Reversible Posterior Leukoencephalopathy Syndrome (RPLS): Discontinue FOTIVDA if signs or symptoms of RPLS occur.
Embryo-Fetal Toxicity: Can cause fetal harm. Advise patients of the potential risk to a fetus and to use effective contraception.
Allergic Reactions to Tartrazine: The 0.89 mg capsule of FOTIVDA contains FD&C Yellow No.5 (tartrazine) which may cause allergic-type reactions (including bronchial asthma) in certain susceptible patients.
ADVERSE REACTIONS
The most common (≥20%) adverse reactions were fatigue, hypertension, diarrhea, decreased appetite, nausea, dysphonia, hypothyroidism, cough, and stomatitis, and the most common Grade 3 or 4 laboratory abnormalities (≥5%) were sodium decreased, lipase increased, and phosphate decreased.
DRUG INTERACTIONS
Strong CYP3A4 Inducers: Avoid coadministration of FOTIVDA with strong CYP3A4 inducers.
USE IN SPECIFIC POPULATIONS
Lactation: Advise not to breastfeed.
Females and Males of Reproductive Potential: Can impair fertility.
Hepatic Impairment: Adjust dosage in patients with moderate hepatic impairment. Avoid use in patients with severe hepatic impairment.
To report SUSPECTED ADVERSE REACTIONS, contact AVEO Pharmaceuticals, Inc. at 1-833-FOTIVDA (1-833-368-4832) or FDA at 1-800-FDA-1088 or www.fda.gov/medwatch.
Please see FOTIVDA Full Prescribing Information which is available at www.AVEOoncology.com.

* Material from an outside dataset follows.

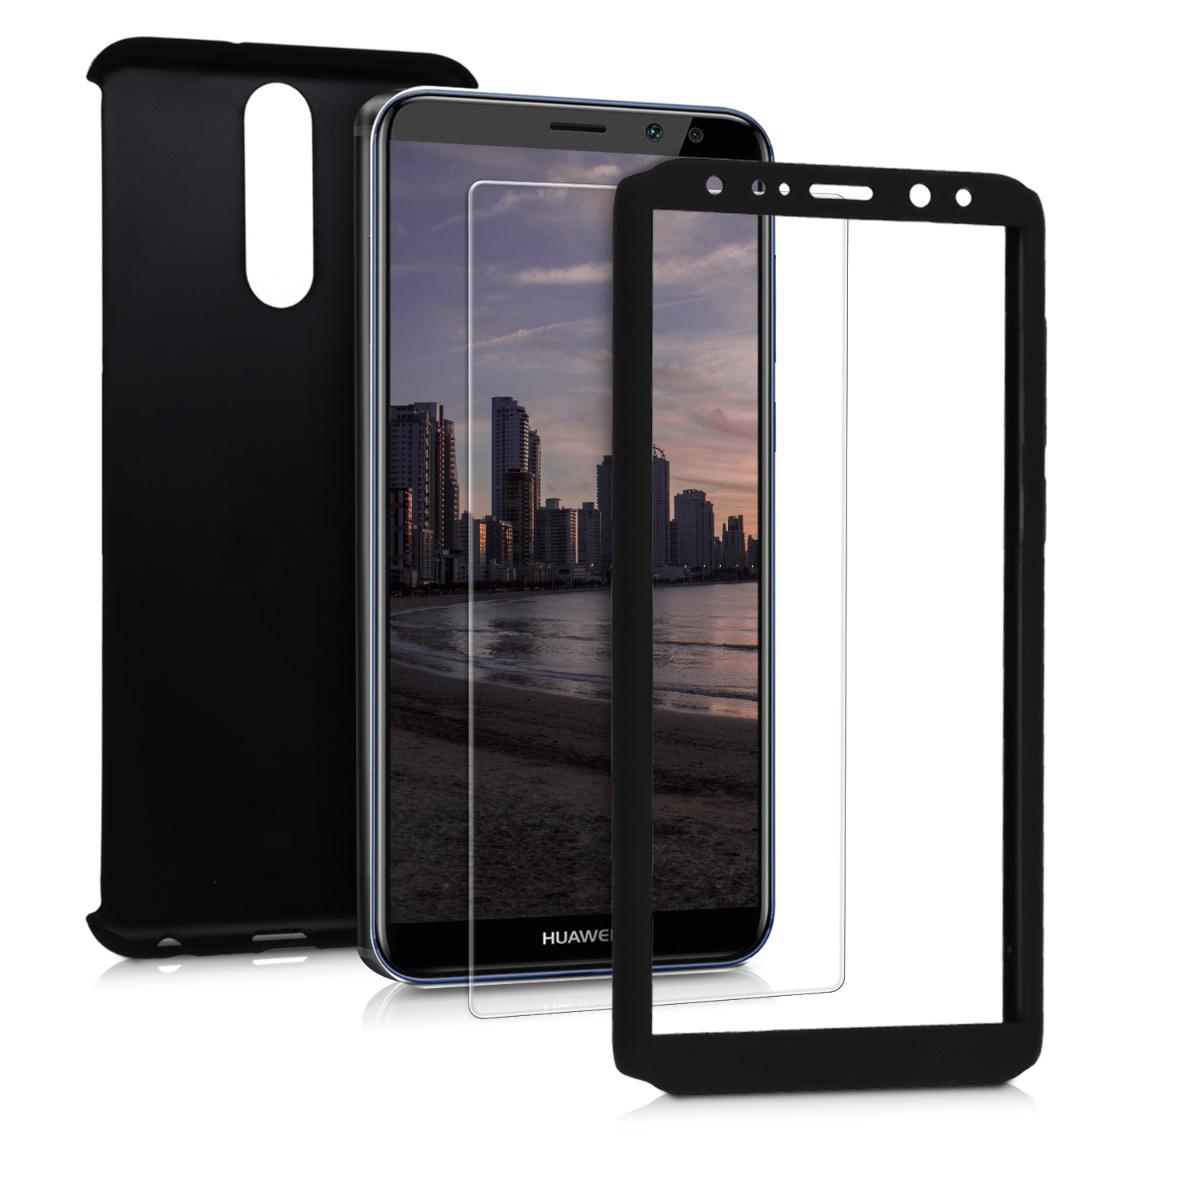 KW Θήκη Full Body για Huawei Mate 10 Lite & Tempered Glass - Metallic Black (44968.68)

About Advanced Renal Cell Carcinoma
According to the American Cancer Society’s 2021 statistics, renal cell carcinoma (RCC) is the most common type of kidney cancer, which is among the ten most common cancers in both men and women. Approximately 73,750 new cases of kidney cancer will be diagnosed annually and about 14,830 people will die from this disease. In patients with late-stage disease, the five-year survival rate is 13%. Agents that target the vascular endothelial growth factor (VEGF) pathway have shown significant antitumor activity in RCC.2 According to a 2019 publication, 50% of the approximately 10,000 patients who progress following two or more lines of therapy choose not to receive further treatment,3 which may be attributable to tolerability concerns and a lack of data to support evidence-based treatment decisions in this highly relapsed or refractory patient population.